Makeup means many things to many women (and a little something extra to drag queens). But to Elizabeth Arden and Helena Rubenstein, night creams, lipsticks, and perfumes were the building blocks of empire.
War Paint, a new musical about their famed rivalry that opened at the Nederlander last night, pays due homage to the industry pioneers and offers a tandem vehicle for its marquee stars, Christine Ebersole and Patti Lupone, to dazzle audiences with the powerhouse performances for which they're known.
But the beauty of War Paint — dutifully directed by Michael Greif on David Korins' chic Deco set, and lavishly outfitted by Catherine Zuber — only runs skin deep. This is not because the birth of the modern beauty industry, which finds women convincing other women that youth and beauty are for sale, is the stuff of fluff — or even for the faint of heart.
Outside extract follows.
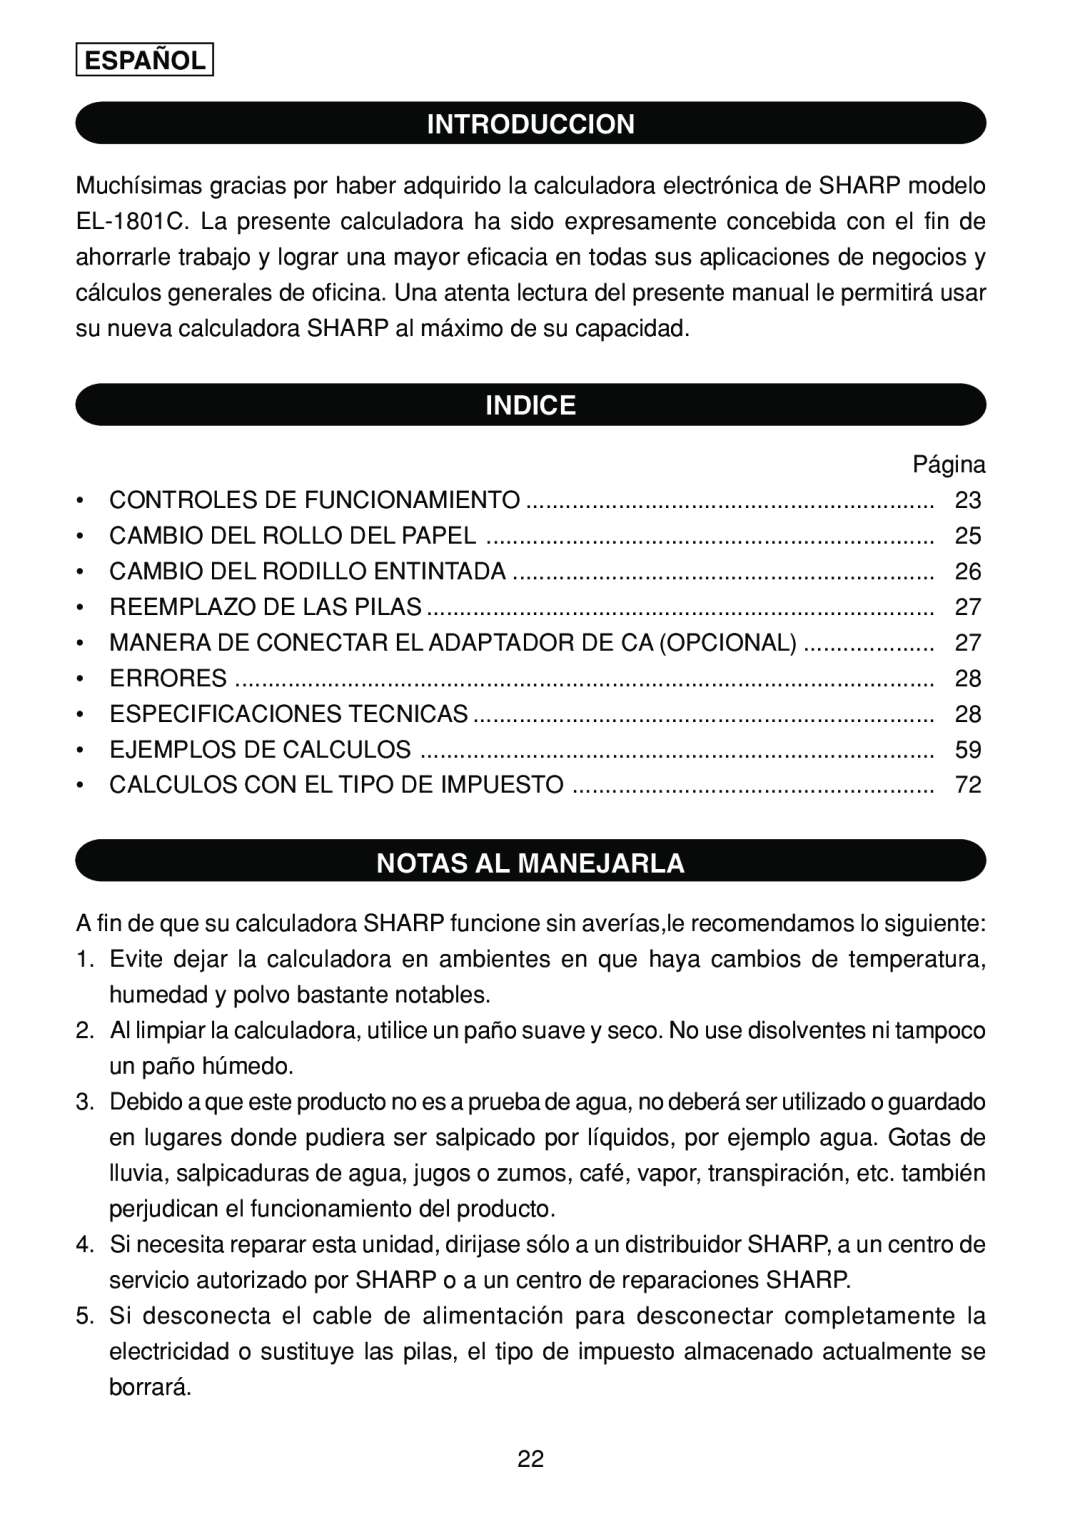 Sharp EL-1801C operation manual Introduccion, Indice, Notas Al Manejarla, Español 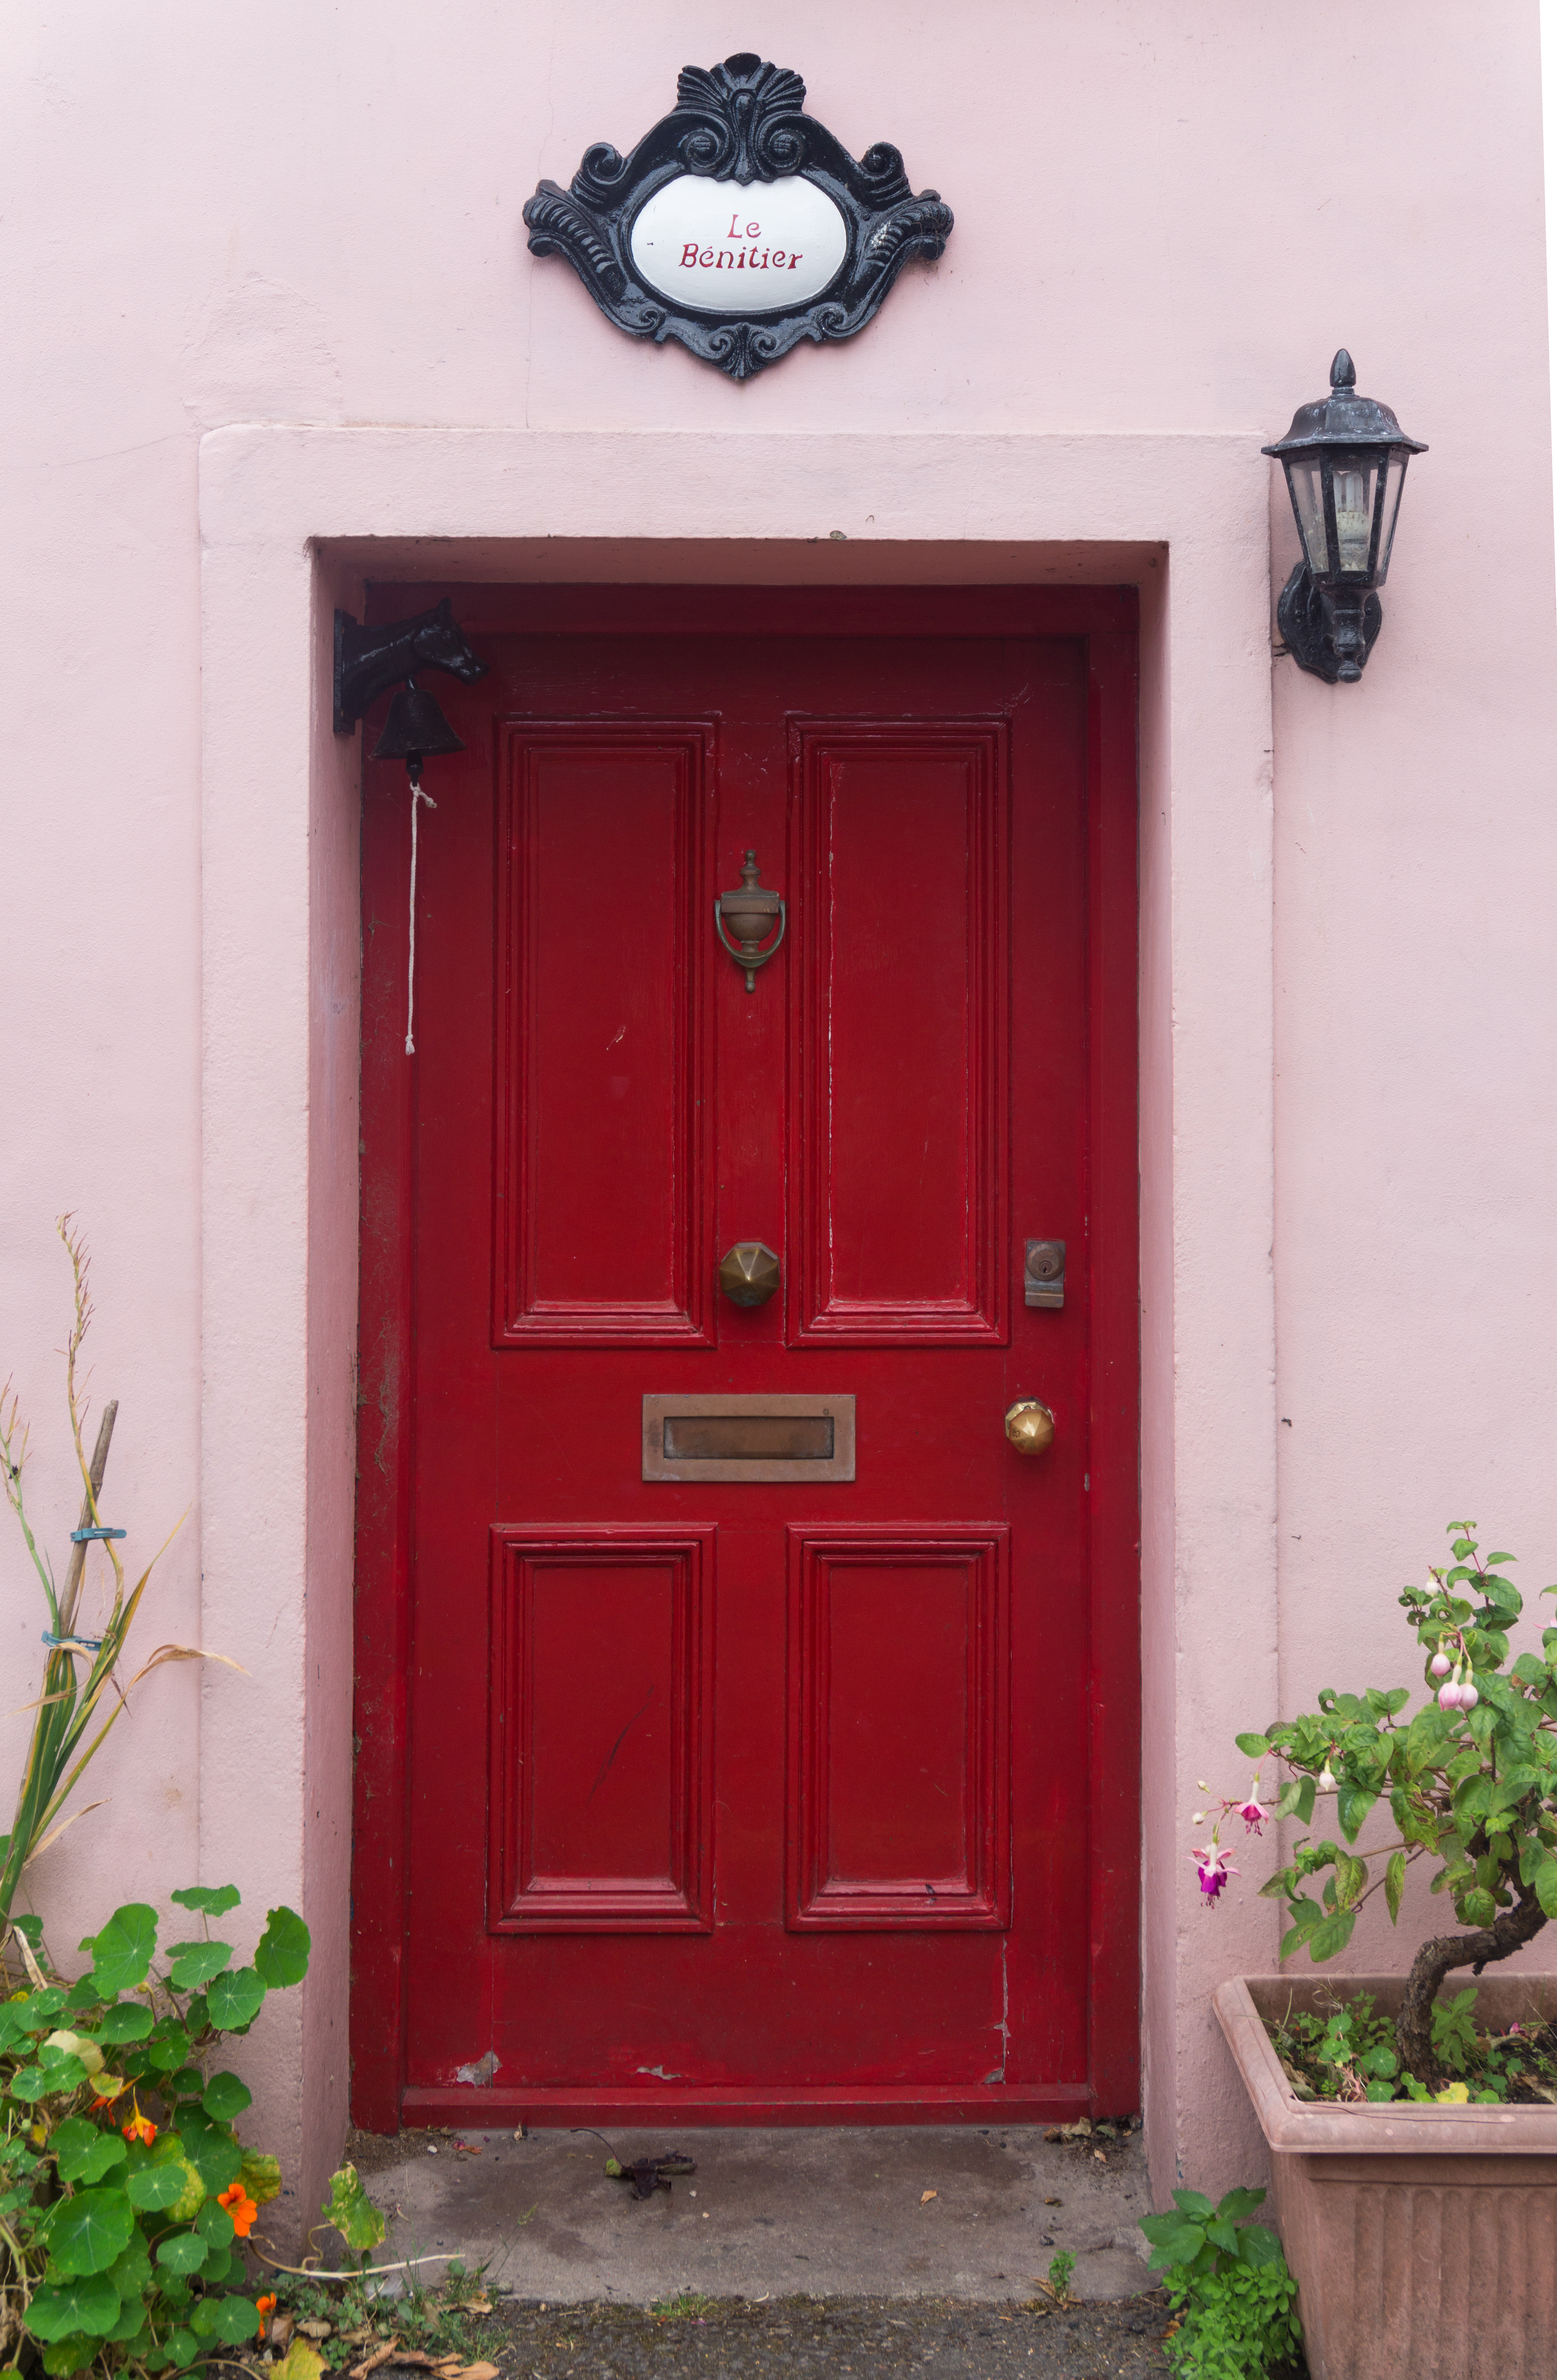 Original red wooden door - Doors - Texturify - Free textures

As the curtain goes up, a disembodied male voice calls out to a woman passing by, “You!”
“Me?”
“Yes, you. Not every woman is a natural beauty.”
For a brief moment, the opening number, entitled “Best Face Forward,” introduces the cultural pressures that drive customers through Elizabeth Arden's signature red door. But once we're inside, the game of one-upmanship that ensues between Arden and Ms Rubenstein takes off. The height of act one finds the women in court, having accused each other of false advertising; act two begins with the drama of…being required to print ingredients on their packaging.
By the time Revlon shows up to send both companies under, it's hard to shake the feeling that you've been suckered into sitting through a particularly artful advertorial.
Rest assured, though, that War Paint's pretty packaging delivers on its core promise: knockout turns by Lupone and Ebersole.
As Rubenstein, a tenacious Polish Jew who rose from her shtetl to a Park Avenue penthouse, Lupone undoubtedly has the showier part. Firing off an abundance of sharp zingers (e.g. “There are no ugly women, only lazy ones”) with an unbreakable will, Rubenstein's immigrant underdog is the one to root for. And Lupone's vocal prowess compels every spine in the room to stand at attention.
Ebersole is likewise a master of song, with a more intimate touch. Arden's backstory is necessarily less fraught — a blonde farm girl from Canada with a refined accent, her biggest setback in high society is getting denied admission to a social club for being nouveau riche. Like Rubenstein, Arden also has a bootstraps mentality she imparts on other women; as she tells one protégé, “You have the power to reinvent yourself and become anything you want to be. The first step? Your appearance.”
Though Arden and Rubenstein are fascinating figures, and their achievements ripe for exploration, the musical often gets bogged down in historical incidents that seem trivial, while skimming over the effects of the beauty industrial complex on legions of women. This is perhaps why the rich but less-than-resonant score by Scott Frankel and Michael Korie (the team behind Grey Gardens) often feels like it's trying to conjure up drama rather than express it, a similar shortfall of Doug Wright's pithy book.
One might be delighted to learn that War Paint fails a reverse Bechdel test; on the surface, the musical is a win for women. It's also a drawn-out cat fight whose self-conscious interrogations of gender often ring tone-deaf.
When the women sing “If I'd Been a Man,” they are genuinely wistful at the possibility. (Elizabeth: “A man can set aside his feelings, be a shark in business dealings… I, alas, am neither either-or, and so my guy walked out the door. Could I bear it more, if I'd been a man?”)
Their right-hand men (Douglas Sills and John Dossett), who each betray one woman to go work for the other, advise their bosses to get with the times by advertising on TV and selling cheaper products. When the women refuse, the men get a we-told-you-so number called “Dinosaurs” that lands with a thud.
“Did we make women freer, or did we enslave them?” Elizabeth sings in the final moments. It's the most interesting question of the night, one that War Paint — and its all-male creative team — spend precious little time trying to answer. I suppose if you want to know what a woman thinks, there's an easy way to find out: Ask one.